▶ Record set:
•••

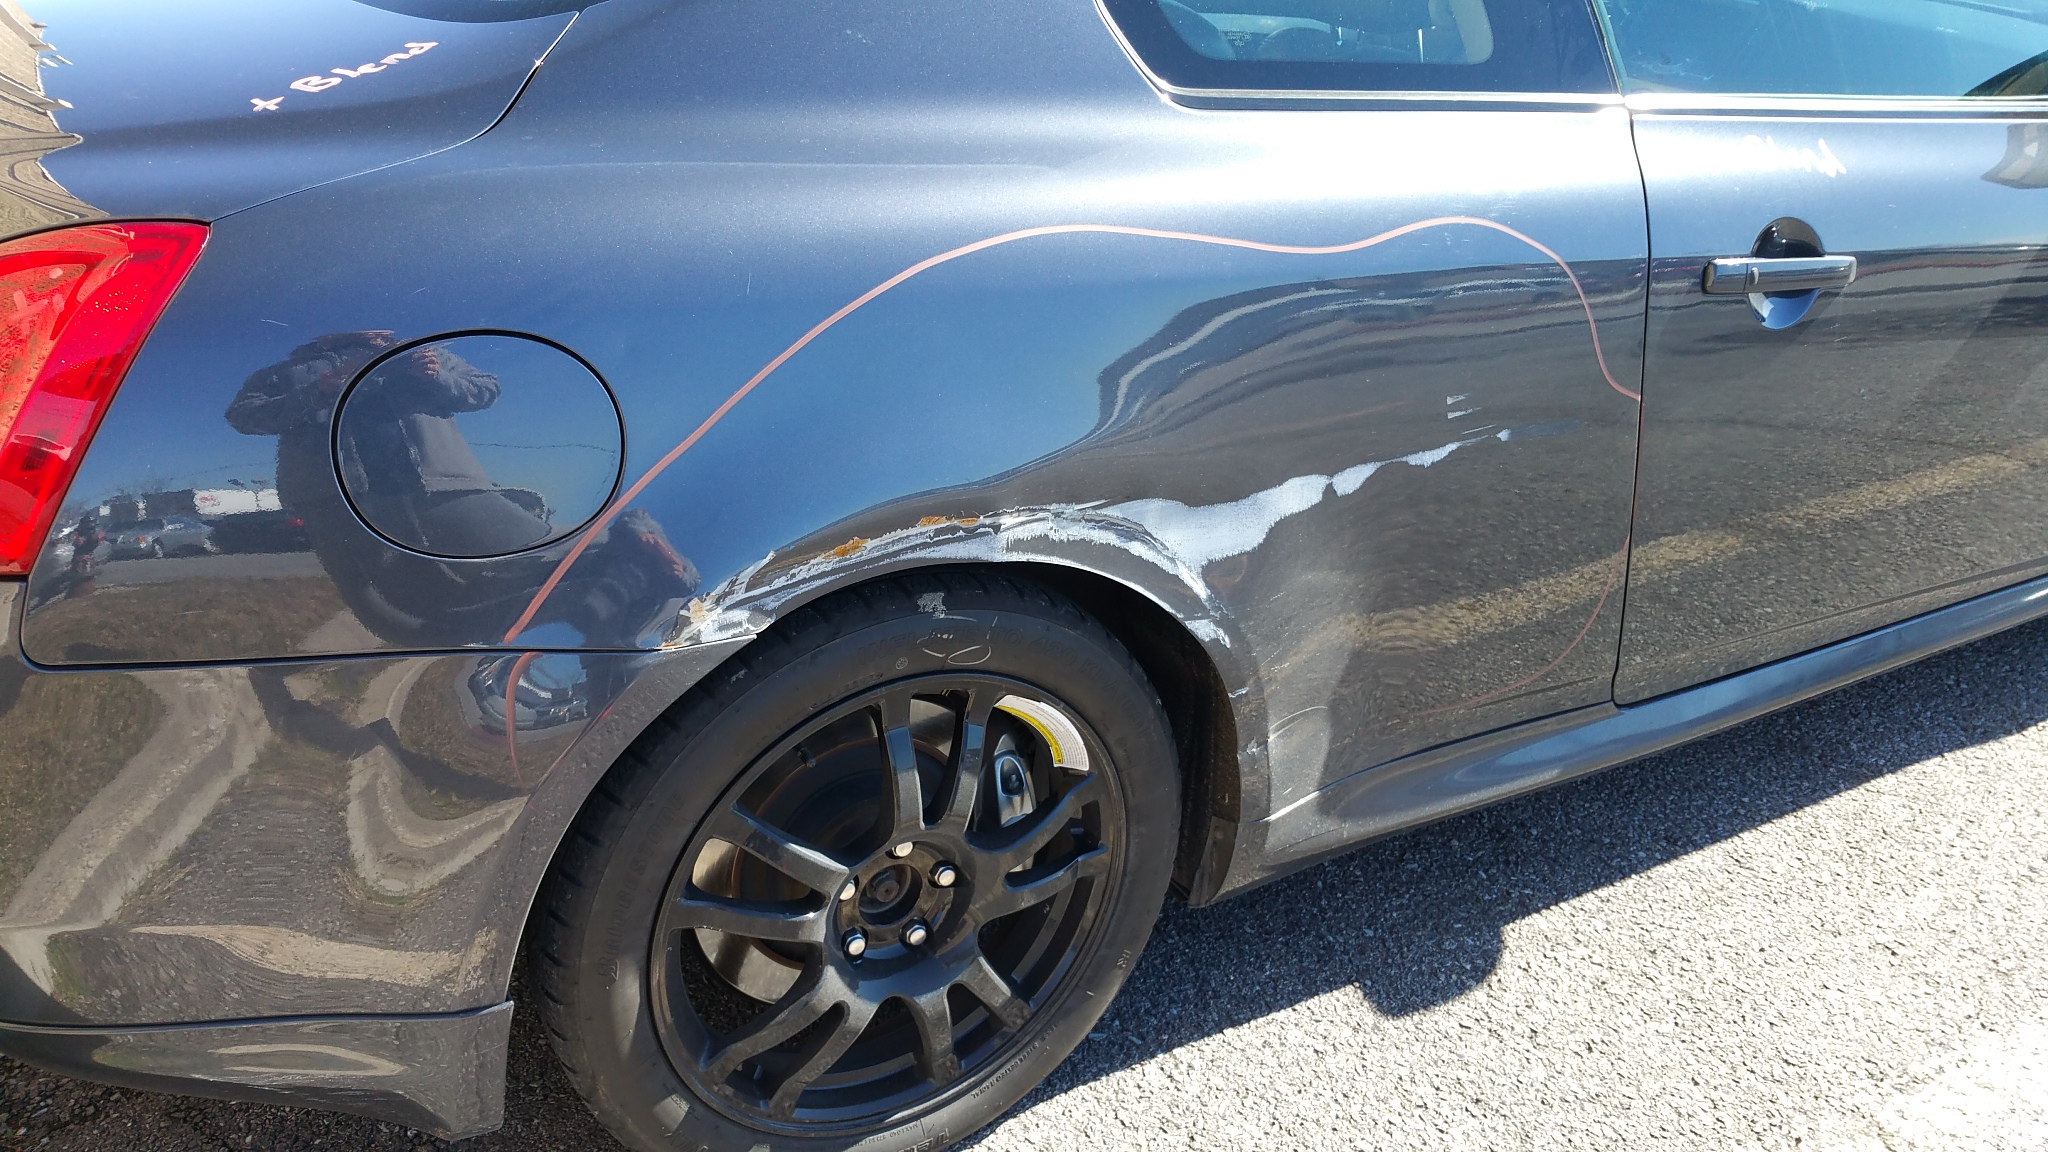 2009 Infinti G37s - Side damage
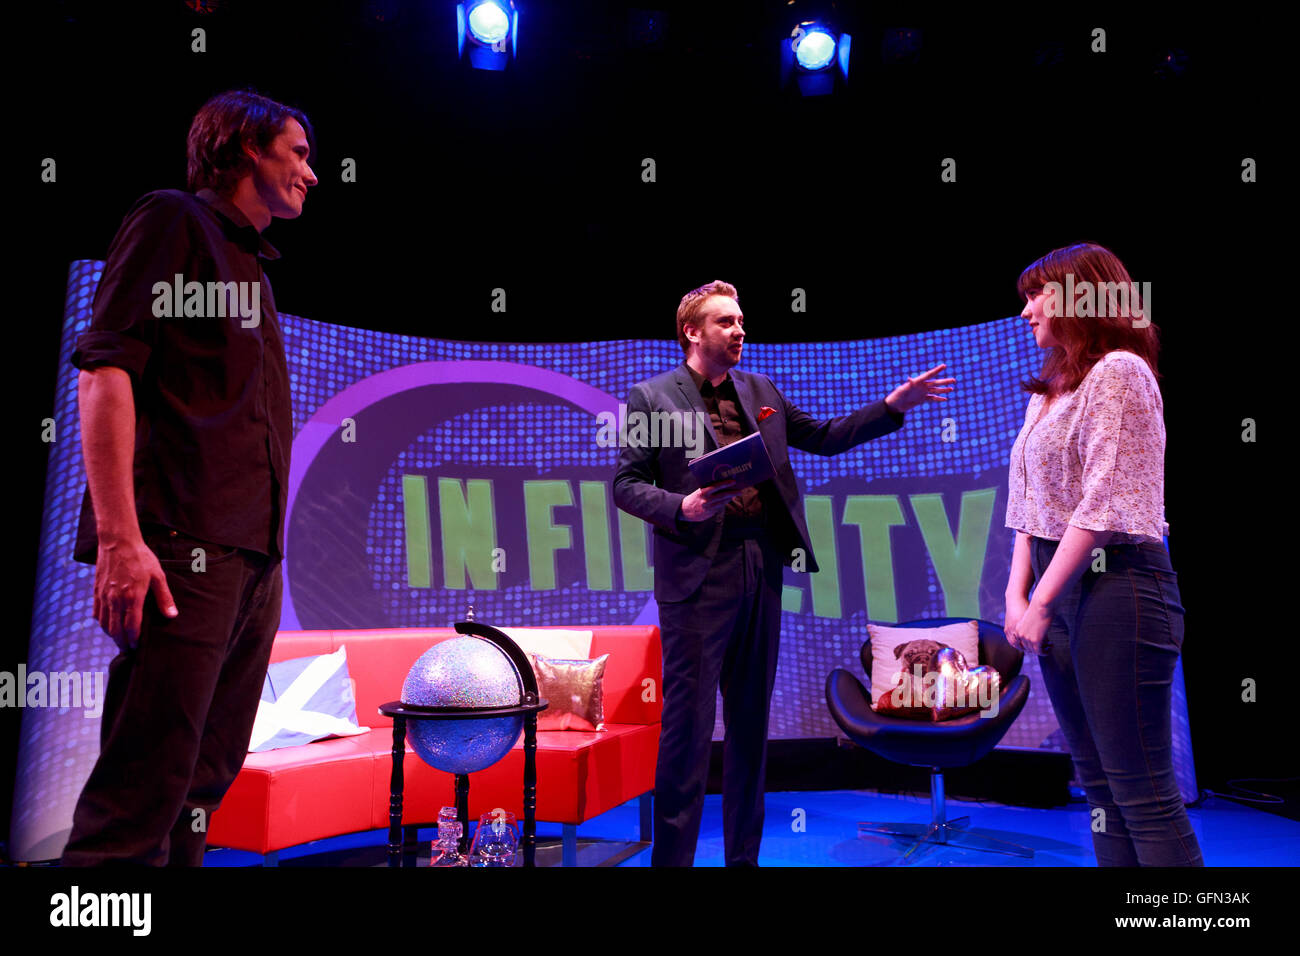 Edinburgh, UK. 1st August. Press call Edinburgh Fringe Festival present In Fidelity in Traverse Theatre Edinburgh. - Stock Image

•••

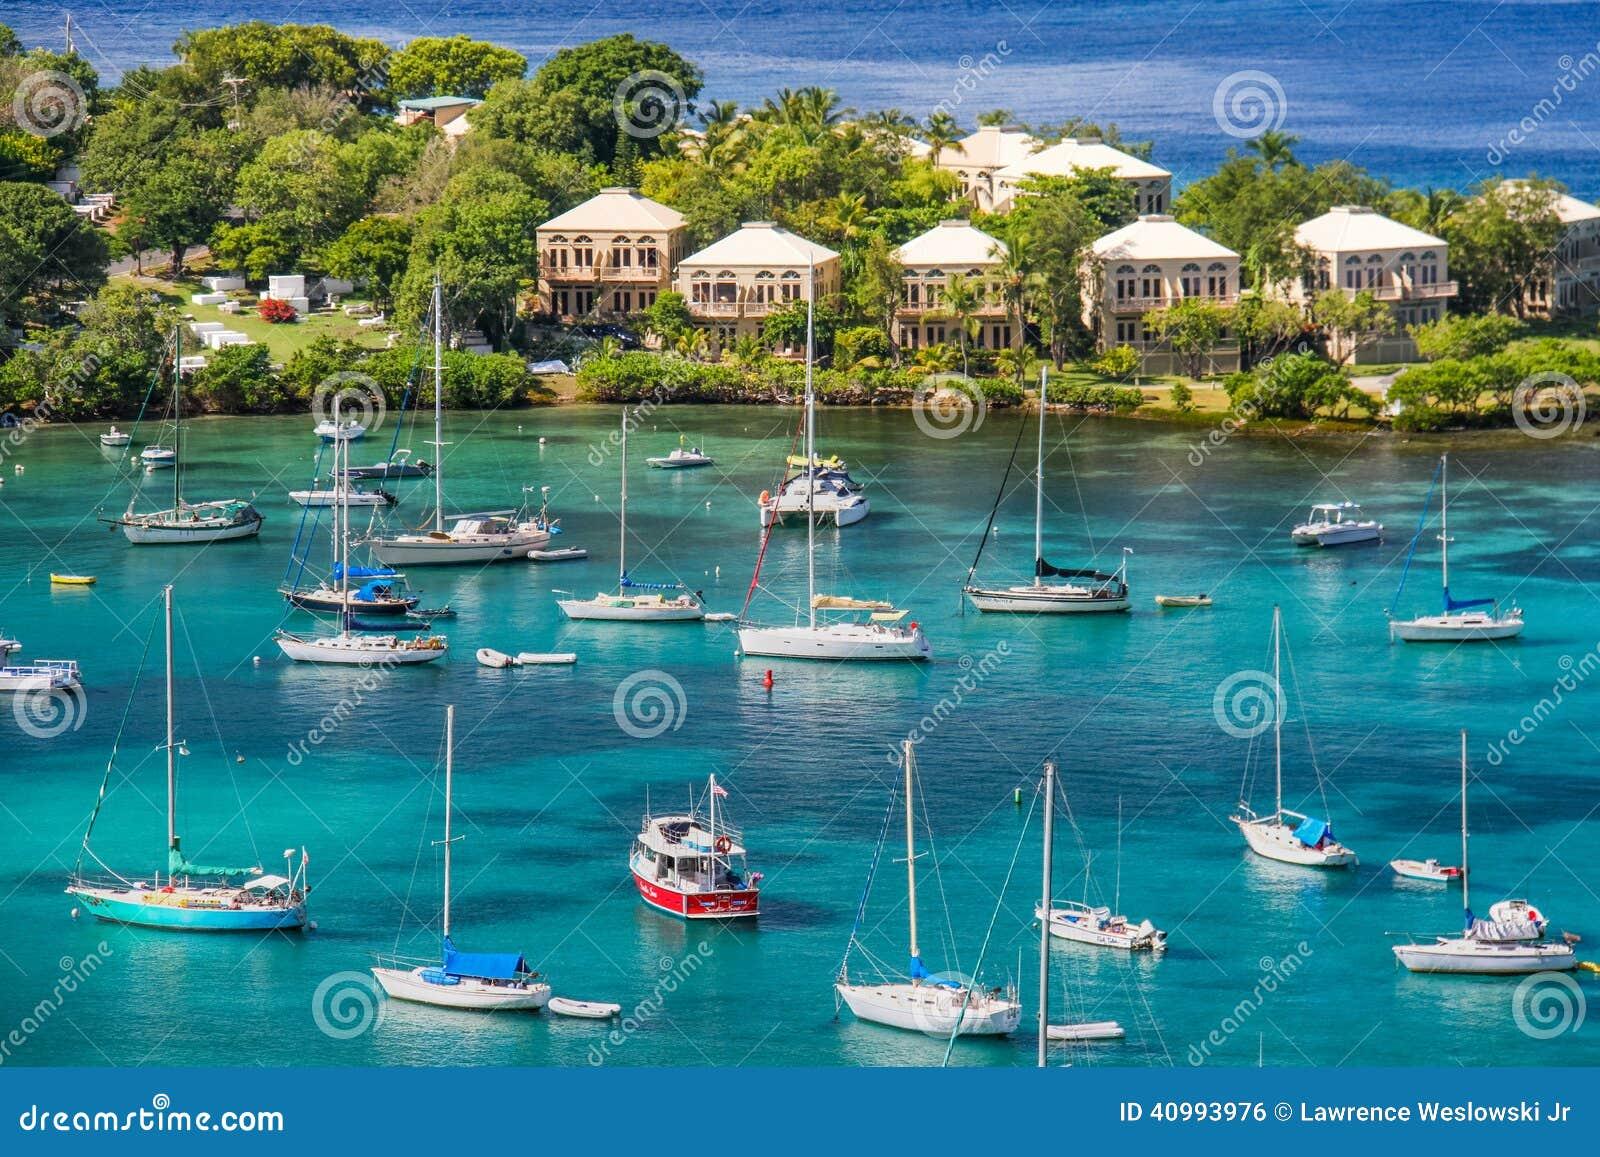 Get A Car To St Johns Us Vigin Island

•••

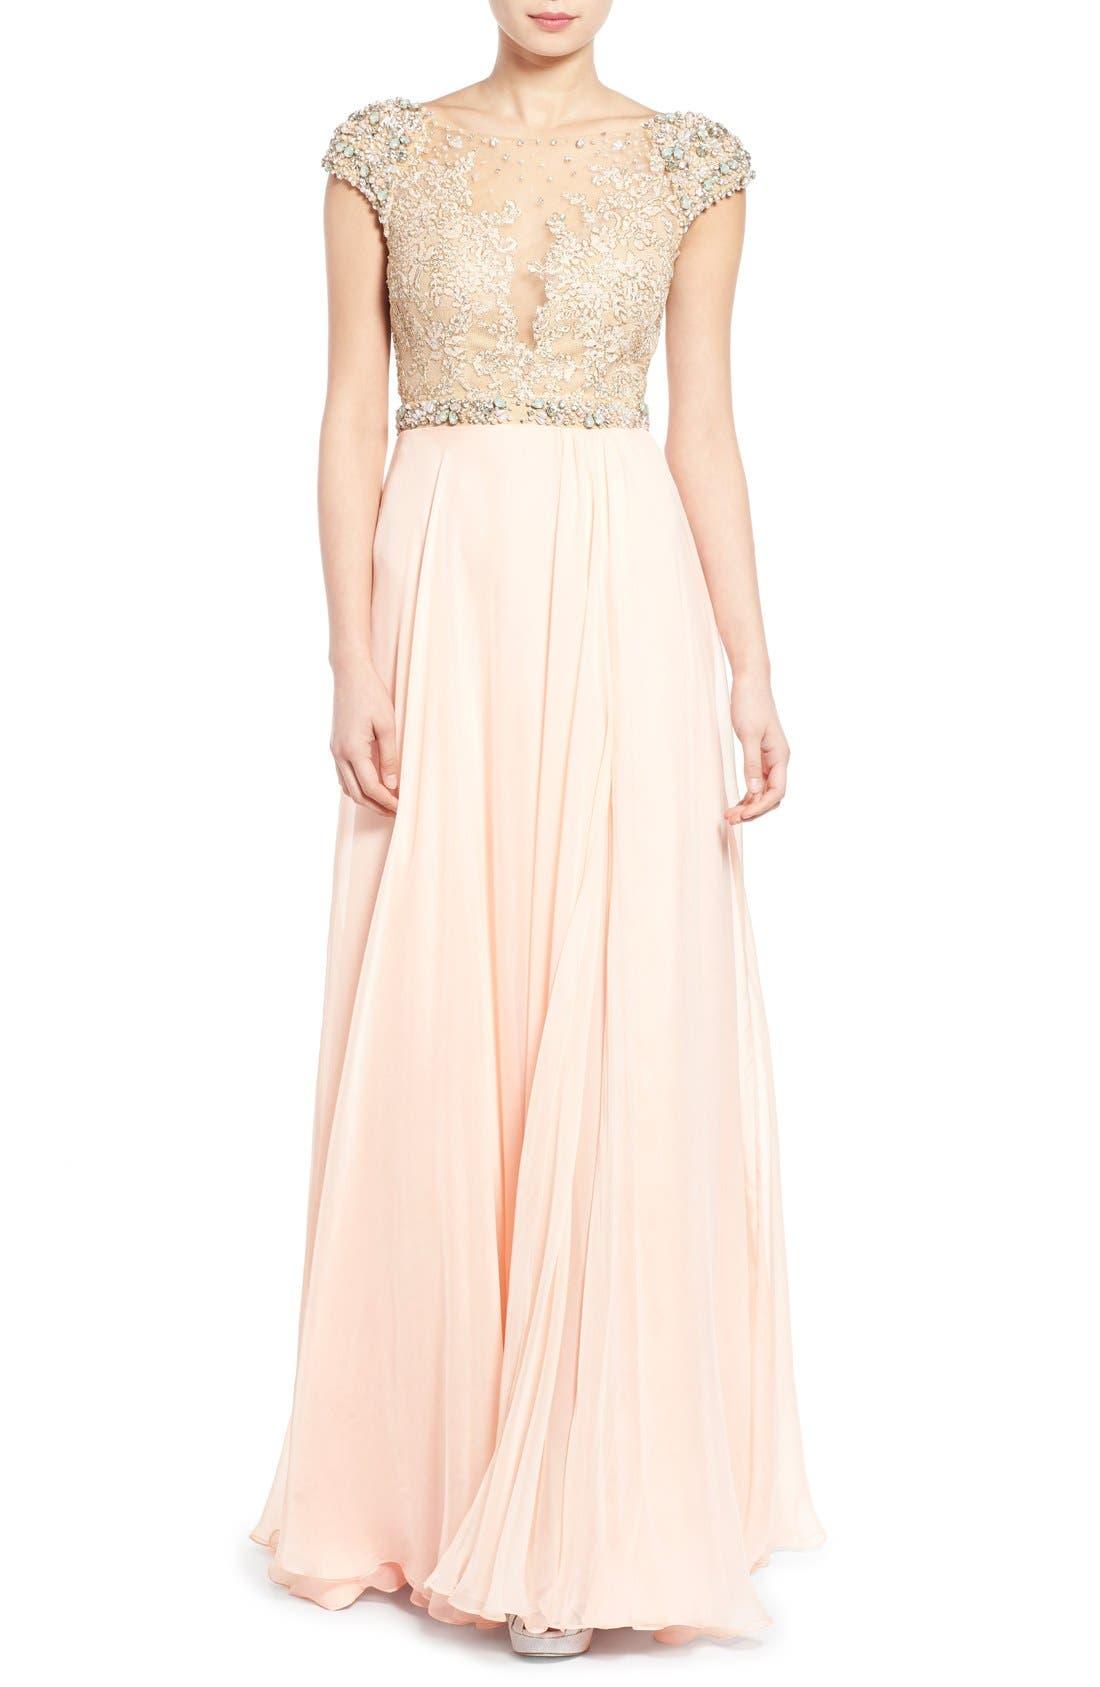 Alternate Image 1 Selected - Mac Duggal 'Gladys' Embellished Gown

•••

▶ Your task: Exact copy, pictures excluded: from the line with "2009 Infinti G37s - Side damage" up to and including the line with "Edinburgh, UK. 1st" in the data above.

▶ Response to this task:
 2009 Infinti G37s - Side damage
 Edinburgh, UK. 1st August. Press call Edinburgh Fringe Festival present In Fidelity in Traverse Theatre Edinburgh. - Stock Image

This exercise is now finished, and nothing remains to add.